Evaluating the reliability of gestalt quality ratings of medical education podcasts: A METRIQ study.
journal contributionposted on 11.06.2020, 10:59 by Jason M Woods, Teresa M Chan, Damian Roland, Jeff Riddell, Andrew Tagg, Brent Thoma
INTRODUCTION:Podcasts are increasingly being used for medical education. Studies have found that the assessment of the quality of online resources can be challenging. We sought to determine the reliability of gestalt quality assessment of education podcasts in emergency medicine. METHODS:An international, interprofessional sample of raters was recruited through social media, direct contact, and the extended personal network of the study team. Each participant listened to eight podcasts (selected to include a variety of accents, number of speakers, and topics) and rated the quality of that podcast on a seven-point Likert scale.
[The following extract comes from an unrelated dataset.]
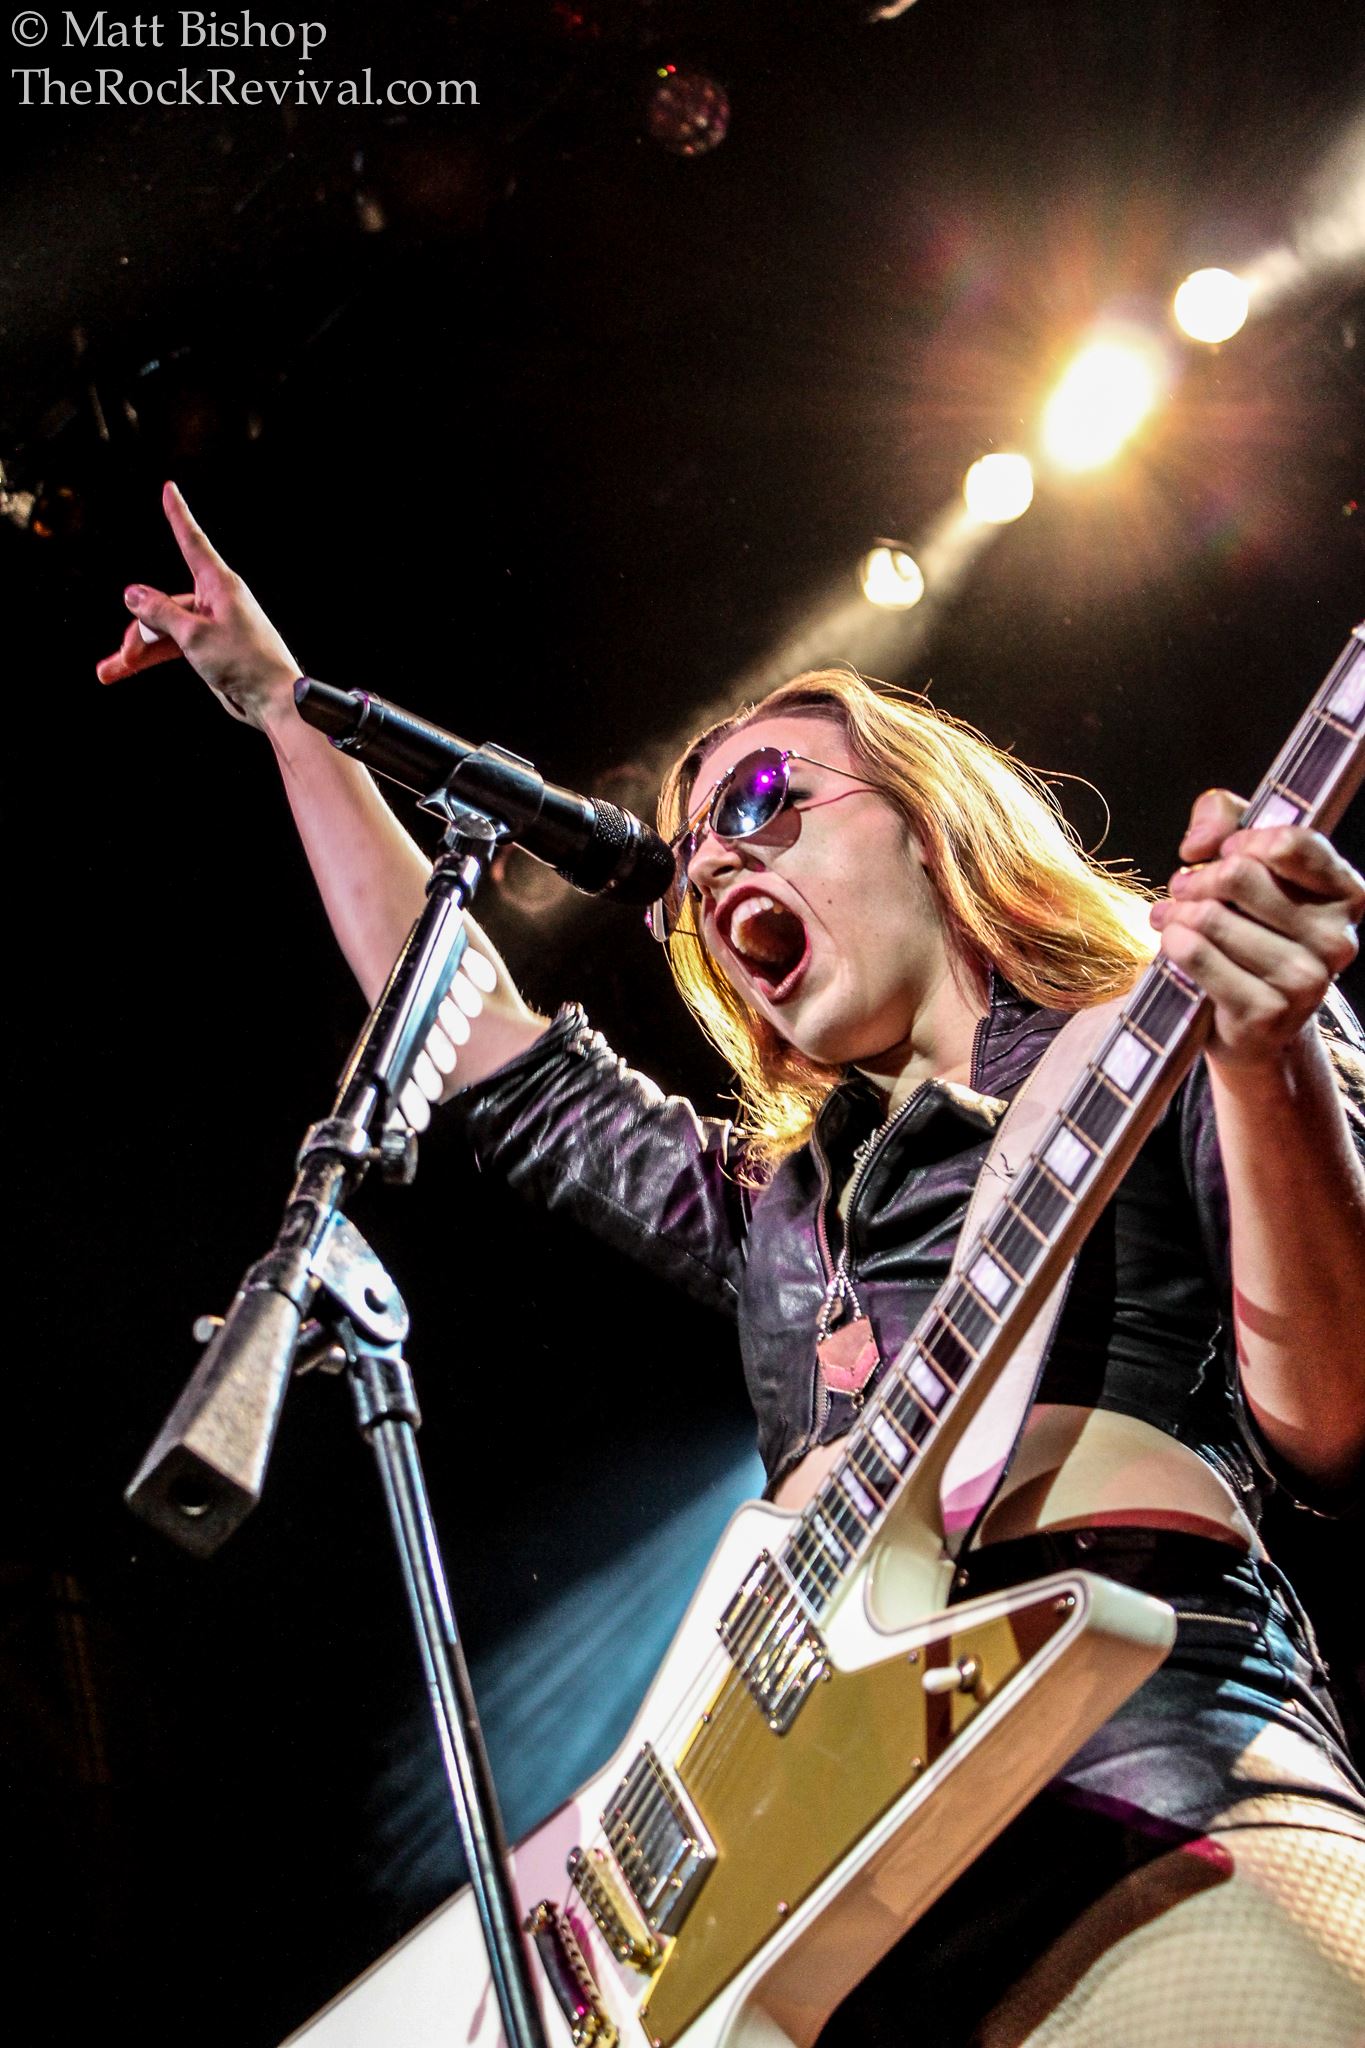 HALESTORM PREMIERE NEW MUSIC VIDEO FOR “MZ. HYDE”

Phi coefficients were calculated within each group and overall. Decision studies were conducted using a phi of 0.8. RESULTS:A total of 240 collaborators completed all eight surveys and were included in the analysis. Attendings, medical students, and physician assistants had the lowest individual-level variance and thus the lowest number of required raters to reliably evaluate quality (phi >0.80). Overall, 20 raters were required to reliably evaluate the quality of emergency medicine podcasts. DISCUSSION:Gestalt ratings of quality from approximately 20 health professionals are required to reliably assess the quality of a podcast. This finding should inform future work focused on developing and validating tools to support the evaluation of quality in these resources.